49. Hélène DENIS, op. cit., note 2.

En général, les « trucs » mentionnés dans les entrevues concernent presque toujours les moyens utilisés pour demeurer à la maison malgré la panne : l’un des premiers objectifs des sinistrés. Le froid, la conservation des aliments et la cuisson sont les principaux problèmes pour lesquels les gens ont fait preuve de débrouillardise. Par exemple, certains sinistrés de Montréal, immigrants originaires d’Europe de l’Est et habitués aux pannes d’électricité par temps froid, faisaient réchauffer des briques sur un barbecue sur le balcon. La chaleur des briques, installées par la suite dans les pièces, permettait de maintenir une température suffisante pour un appartement assez bien isolé, au cœur d’un édifice à logements. Dès le début de la panne, d’autres sinistrés ont transféré leurs provisions dans des tunnels creusés dans la neige, quelques-uns ont plutôt cherché de la glace à l’extérieur pour la placer dans leur congélateur (le couvrant d’un sac de couchage pour l’isoler). Certains ont installé des glacières sur leur balcon ou dans leur garage.

Pour la cuisson des aliments, comme pour le chauffage d’ailleurs, c’est avant tout à la disponibilité de certains équipements qu’est liée la possibilité de se débrouiller chez soi : poêles à combustion lente, foyers, cuisinières au gaz, barbecues, poêles à fondue, équipements divers de camping, chandelles, etc. Certains équipements sont plus efficaces que d’autres et chauffer le dîner pendant quarante minutes avec quatre bougies, comme l’a raconté une sinistrée de Montréal, n’est pas une expérience qu’on voudrait répéter tous les jours.
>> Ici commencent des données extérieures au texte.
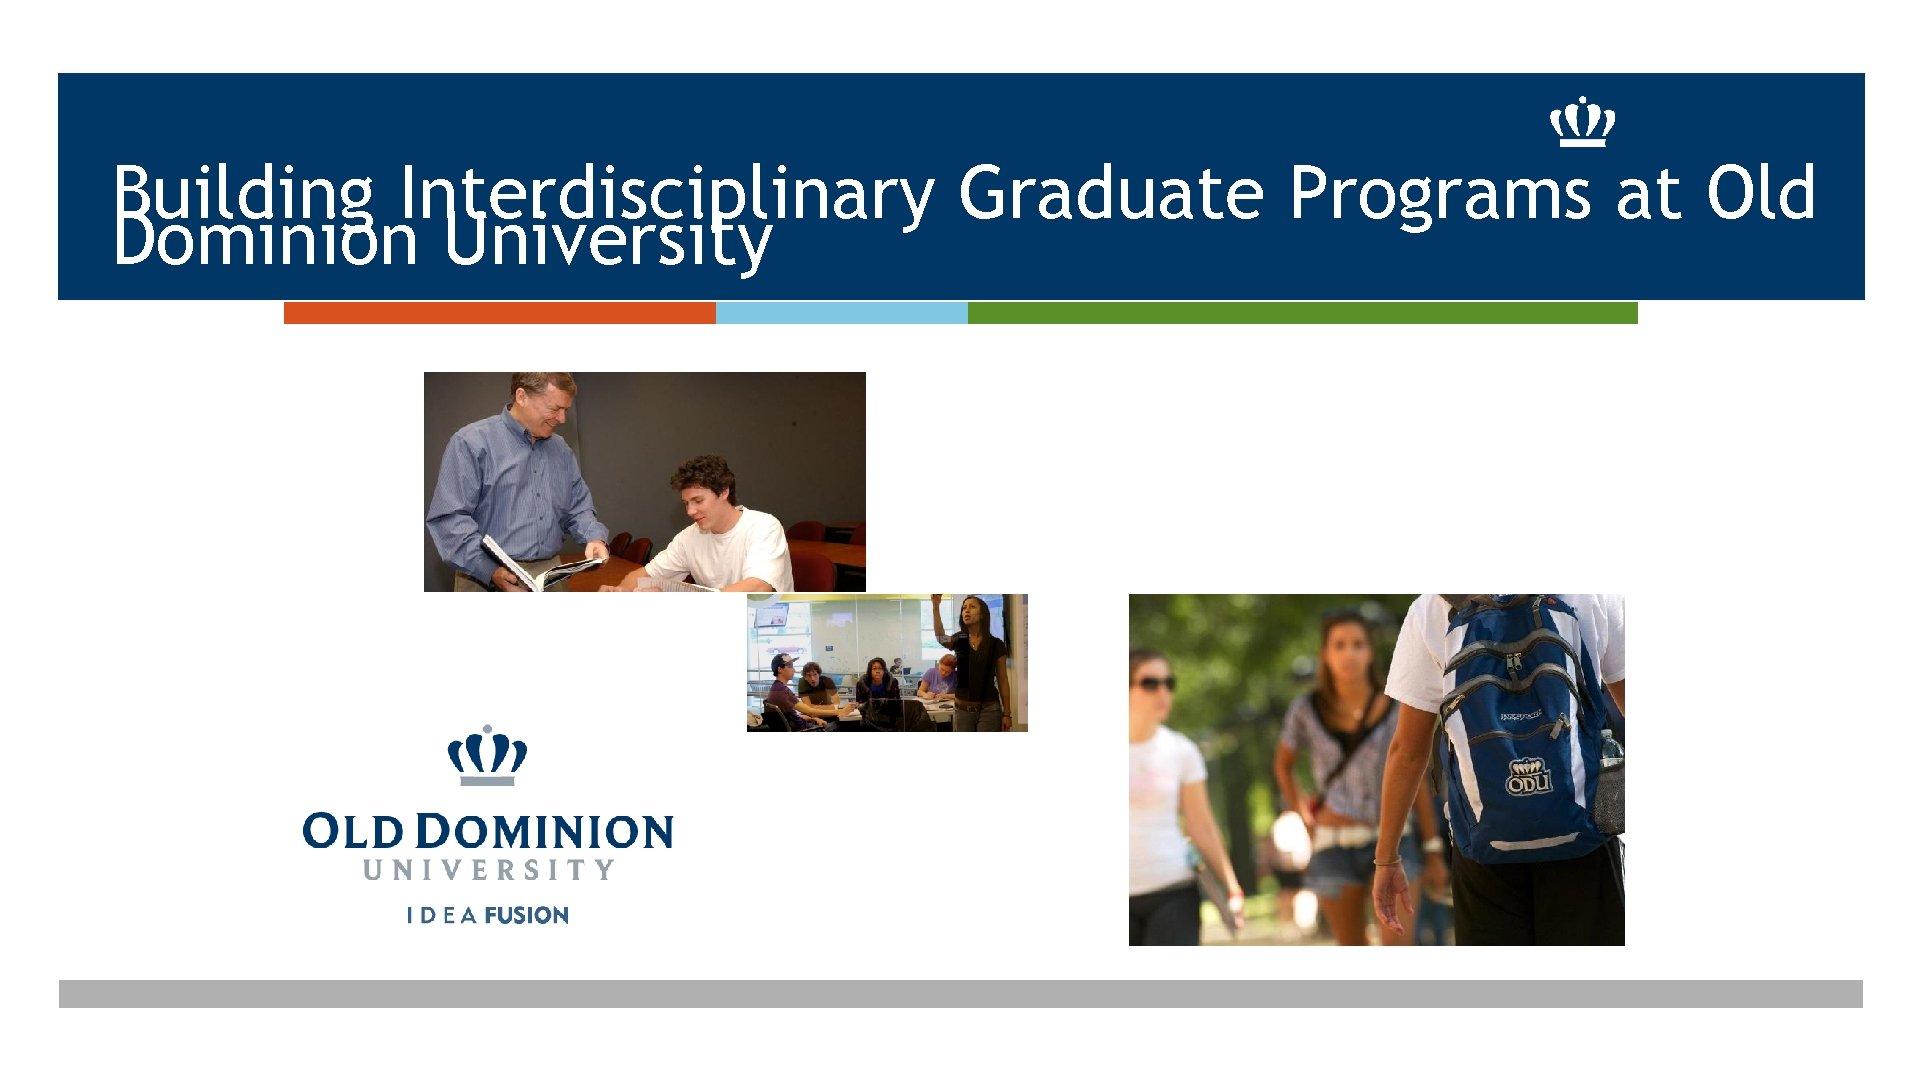 Building Interdisciplinary Graduate Programs at Old Dominion University

L’information, de toute nature, a surtout circulé à travers les réseaux personnels. Certains de ceux qui ne disposaient pas d’un poste de radio à piles s’en sont remis à celui de leur voiture.

Le besoin d’être informé et de communiquer était extrêmement important, en particulier pour maintenir le contact avec son réseau social. Les gens abonnés au service de boîte vocale de Bell, et qui avaient quitté leur domicile, ont régulièrement utilisé leur système de messagerie pour prendre des nouvelles de leur proches.

4.3 L’attachement au chez-soi

Les entrevues ont révélé que plusieurs sinistrés ont effectué des déplacements souvent difficiles pour vérifier l’état de leur résidence. Ils ont justifié leurs efforts par le fait que l’accès au domicile représentait la possibilité d’avoir recours à leurs ressources personnelles (appareils ou vêtements, par exemple) et d’adoucir le séjour en situation d’hébergement.

L’attachement des gens pour leur foyer a conduit les autorités à développer des services adaptés pour desservir les personnes demeurées chez elles et pour assurer un accès régulier au domicile. D’autre part, la possibilité de rester chez soi a accentué la vulnérabilité de certains citoyens qui ont refusé de quitter au risque de leur sécurité. La situation des personnes âgées qui ont refusé de quitter leur maison durant le sinistre a été particulièrement problématique.

Le recours à ses propres ressources est demeuré l’approche la plus valorisée et la plus valorisante. Plusieurs diront même qu’elle a permis de développer l’impression d’un meilleur contrôle sur des événements hors du commun. Cependant, les personnes trop engagées dans une quête d’autonomie peuvent perdre la capacité de discerner le moment où il faut s’arrêter et demander de l’aide ou des ressources complémentaires qui éviteront l’épuisement.